There are no positive reasons for dating a married man. Even the good reasons don’t stand the test of time and turn out to be bad ideas in good ideas’ clothing. After a brief research on why ladies get involved with married men it was discovered that most times this ladies go after married men because they are rich, compared to their broke boyfriend. They are more caring, for they know how to take care of them and they are always there for them. They have security and connection through these men. But ask yourself if it’s really worth it, losing your pride and dignity for something so lowly and vain.
A woman with even an ounce of pride would NEVER share someone else’s husband. If you find yourself on the brink of temptation, look at these 10 truths before you leap:
1. It is so wrong
Of all the reasons not to get involved with a married man, the primary one has to be this: it’s just plain wrong. Both a married man and his girlfriend can come up with all sorts of reasons to justify what they’re doing – it’s real love, his wife doesn’t treat him right, etc. Those are excuses but cheating is never right, and a person with dignity just wouldn’t be part of it. Getting involved with a married man is so wrong even for all the right reasons. Society frowns at it, God detests fornication, and you aren’t being fair to even yourself.
2. He is the winner
He’s got his cake and is eating it, too. He has a legitimate married relationship that helps his public persona and he has an illegitimate one with you to make up for what he missing in his marriage.He can spends his days with you and his nights with his wife; if you ask us, he is very blessed. When he is tired of you, he can move on with no strings attached, and don’t think he won’t.
If he could do that to someone to whom he is legally bound, what will he do to you who only has his words? He is the one who is being hailed by his friends as “the really big man” while you are the husband- snatcher. He wins, for while his morale is always high, yours will be low, for you will have no dignity or pride again.
3. He won’t leave her for you
We don’t care how many promises he made to you, don’t expect him to leave her and come marry you. So you can start preparing yourself for heartbreak when he moves on to someone else who is just as naïve. And yes he’ll find someone sweeter, shapelier and better than you ever are. pity you, he goes home to his wife, you go home wishing he it had lasted forever.
4. He might not be who you think he is
We hear stories about how some girls were used for ritual sacrifice, it isn’t a day that the act is perpetuated, the married man could have kept stuffing the girl with money and food, like a broiler waiting for the day he’ll slaughter her for money ritual.

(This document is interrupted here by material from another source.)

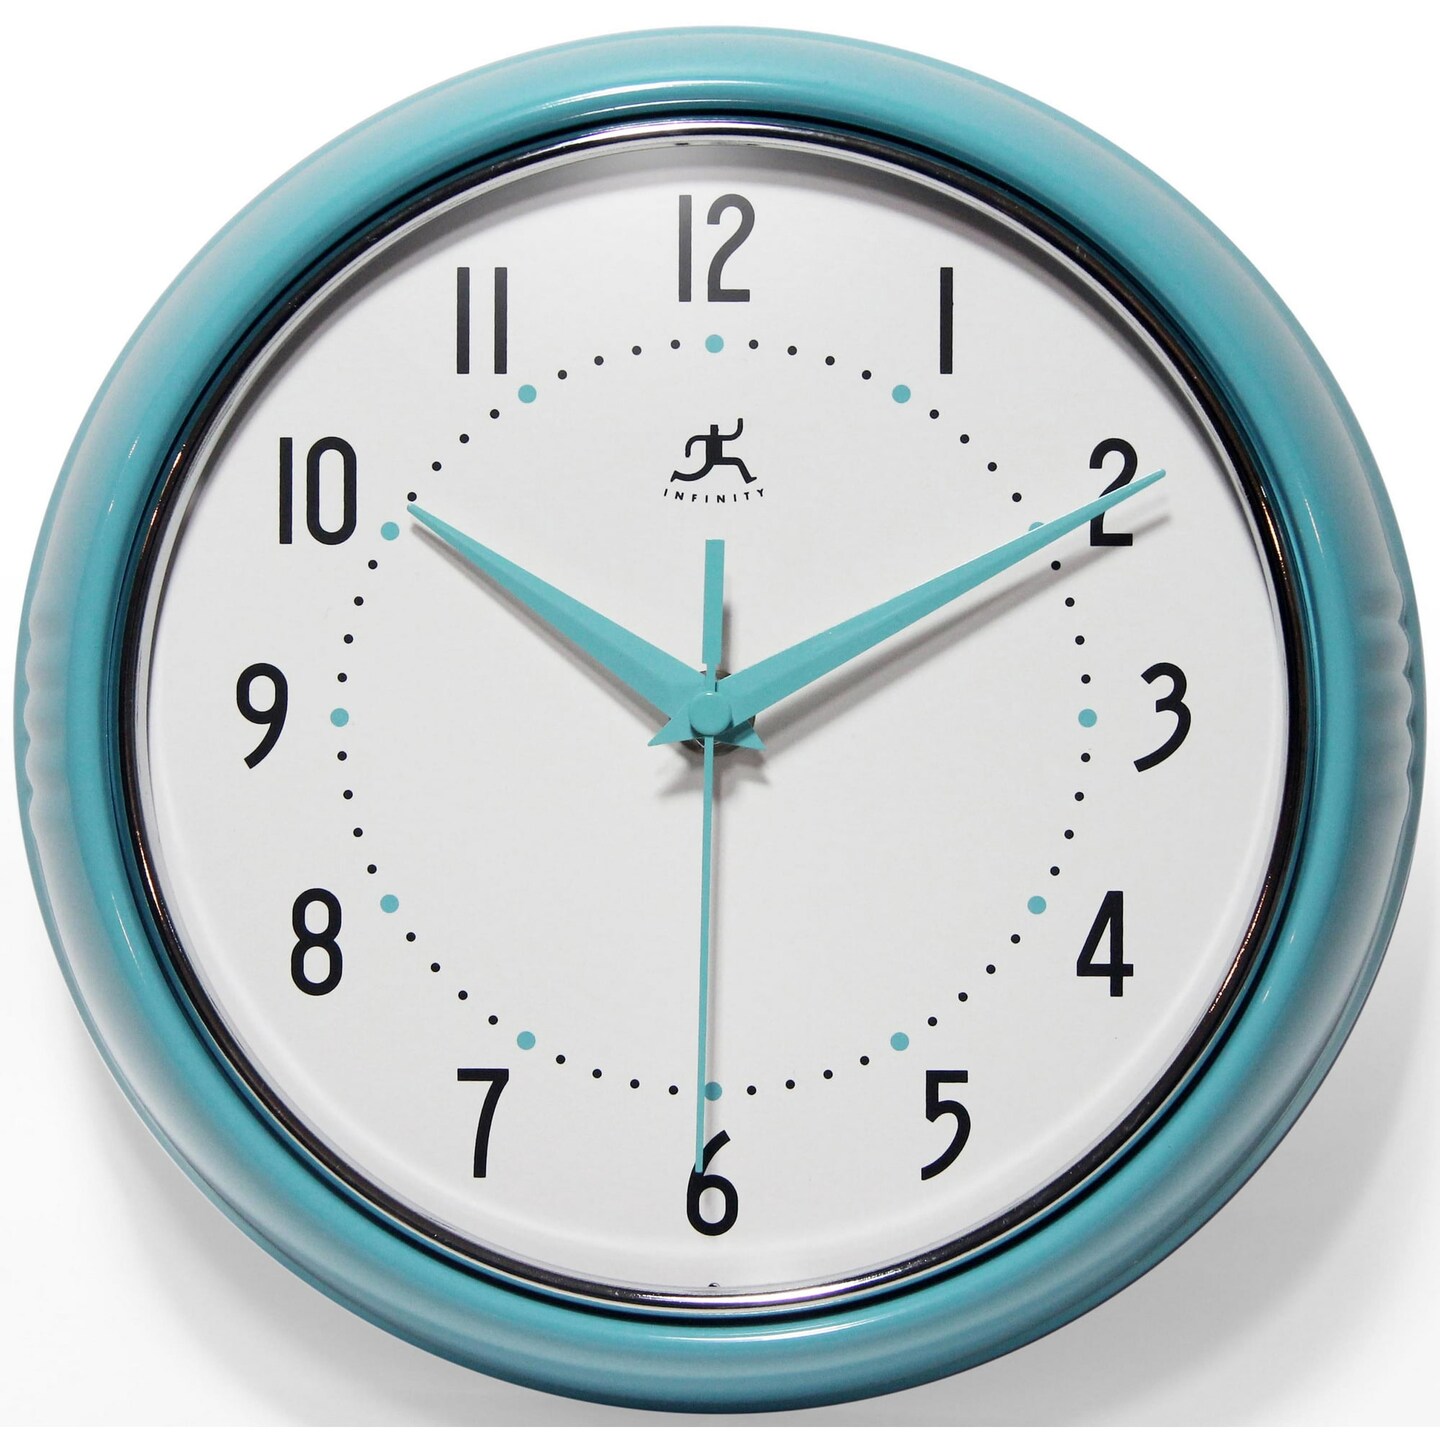 Infinity Instruments Retro Round Turquoise Metal 9.5-inch Analog Wall Clock

But of course he wouldn’t use his wife. You don chop, come die, funny. Besides you will never know for sure where he is, what he is doing, and who he is doing it with. There is always two sides to every story and unfortunately, you will never know any other side but his.
5. You’ll always be his little secret
No one can know about you. Not family, not respectable friends, you can’t go out with him in public because you just might get caught either by his family or yours. Plain and simple, he doesn’t want anybody to know about you for the fear of making himself look bad. Prepare for a hide-and-seek affair. You really can’t call what you are having a relationship, think of it more like a hide and seek game.
And hiding can be exhausting, having to keep your relationship a secret can attack your self-esteem and cause you to miss out on one of the wonderful aspects of a relationship. Walking together freely and radiantly through the world can fill you with the glow of being with someone who is proud to be with you. So why even bother?
6. Lose his respect and it’s over
It is pretty obvious that immediately you accept his offer, his respect for you is gone. because he is thinking “she’s after my money” so the likeness reduces and you become his little puppet, he’ll start stringing you around. So even though he’s the one who pursued you, even though he’s the one that made it difficult to say “No.” And even though he tells you how wonderful you are. At some level, he’s going to have trouble respecting you for settling for such a flawed relationship. Watch it, so he won’t wash you
7. You’re kidding yourself
Despite that he tells you he loves you, reassuring you how much you mean to him, his not ending his relationship with his wife and coming into your arms speaks for itself, you are a second best. A mediocre and you are worth having fun with but not marrying. If such is the case why settle for less when you can go for your type.